Sparx Pro Cloud Server Race Condition Vulnerability Allowing Remote Code Execution

A race condition vulnerability has been identified in Sparx Pro Cloud Server versions through 6.1. This issue occurs in the /data_api/dl_internal_artifact.php endpoint, where the application downloads object properties based on a provided GUID parameter. The downloaded content is saved in the current directory under a user-specified name. An attacker with repository access can manipulate both the filename and content, potentially creating a malicious PHP file. Although the file is deleted after processing, the race condition allows the file to remain accessible if the response is delayed, such as through a slow connection or large file transfer.
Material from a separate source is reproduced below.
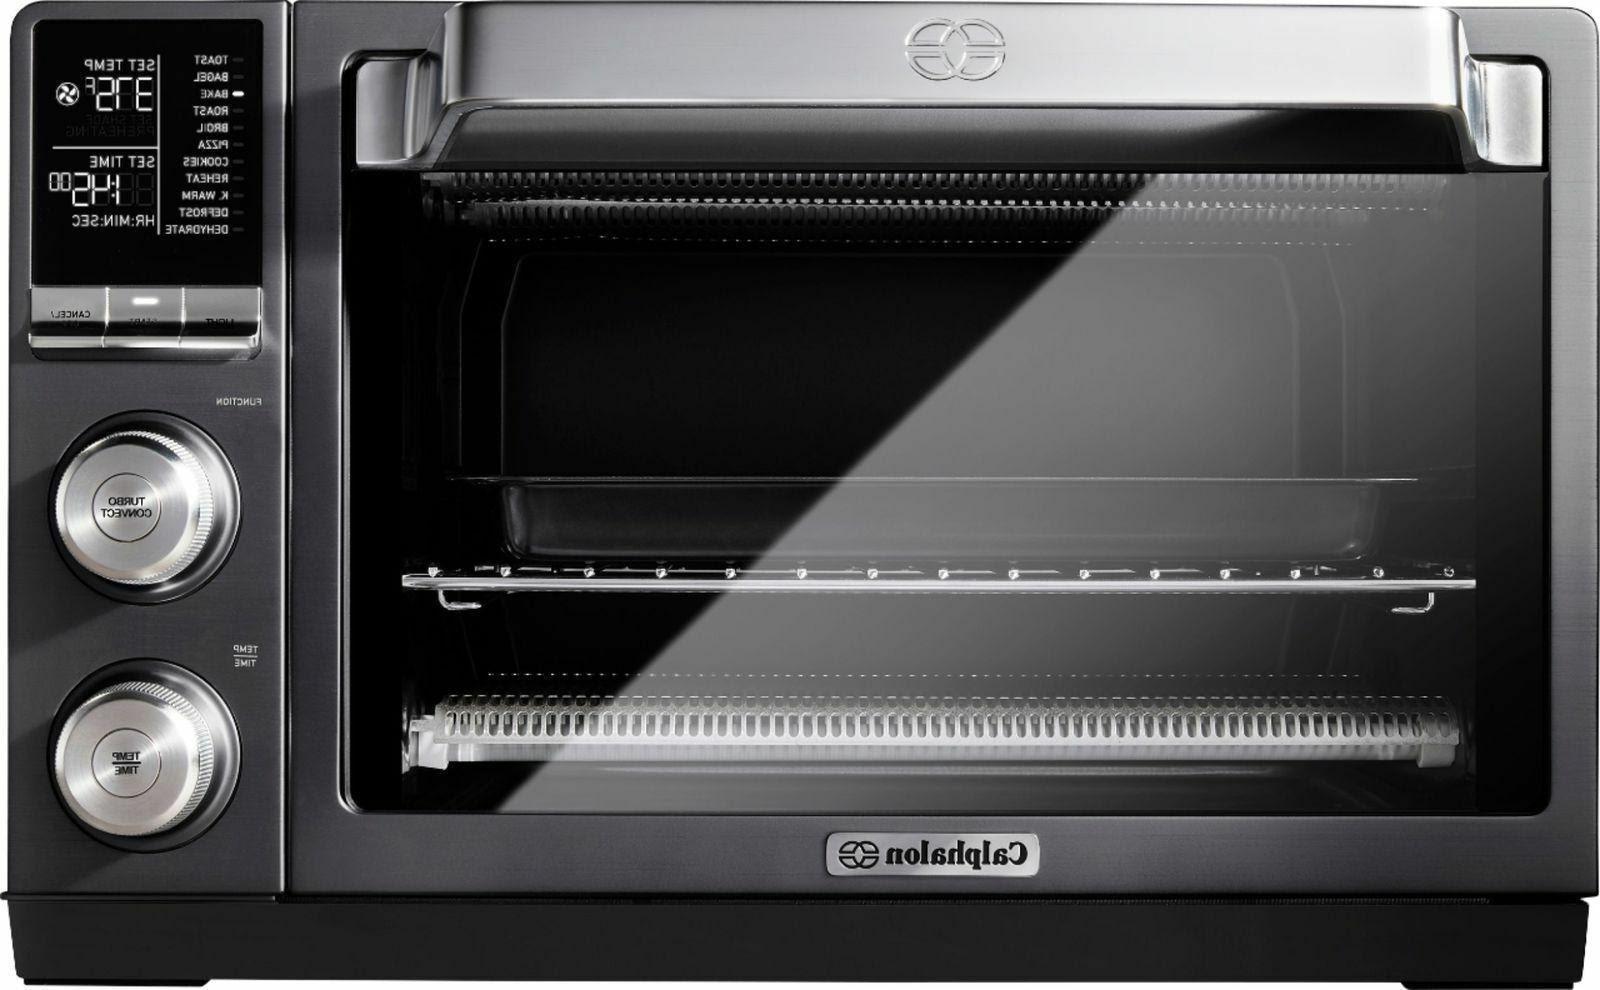 Calphalon Quartz Heat Countertop Toaster Oven, Dark Stainless

During this time, the attacker can execute the PHP file, leading to remote code execution.

Impact

Exploitation of this vulnerability allows for remote code execution on the server where Sparx Pro Cloud Server is running.

Reproduction

To reproduce this vulnerability, an authenticated user with repository access can send a request to the /data_api/dl_internal_artifact.php endpoint, including a GUID parameter that points to a desired object. The request should specify a filename that will be used to save the downloaded content in the current directory. After the initial request is processed, the user can wait for a response delay and then send a second request to execute the malicious PHP file that was created. This exploitation window takes advantage of the race condition, allowing the execution of the PHP file before it is deleted by the application.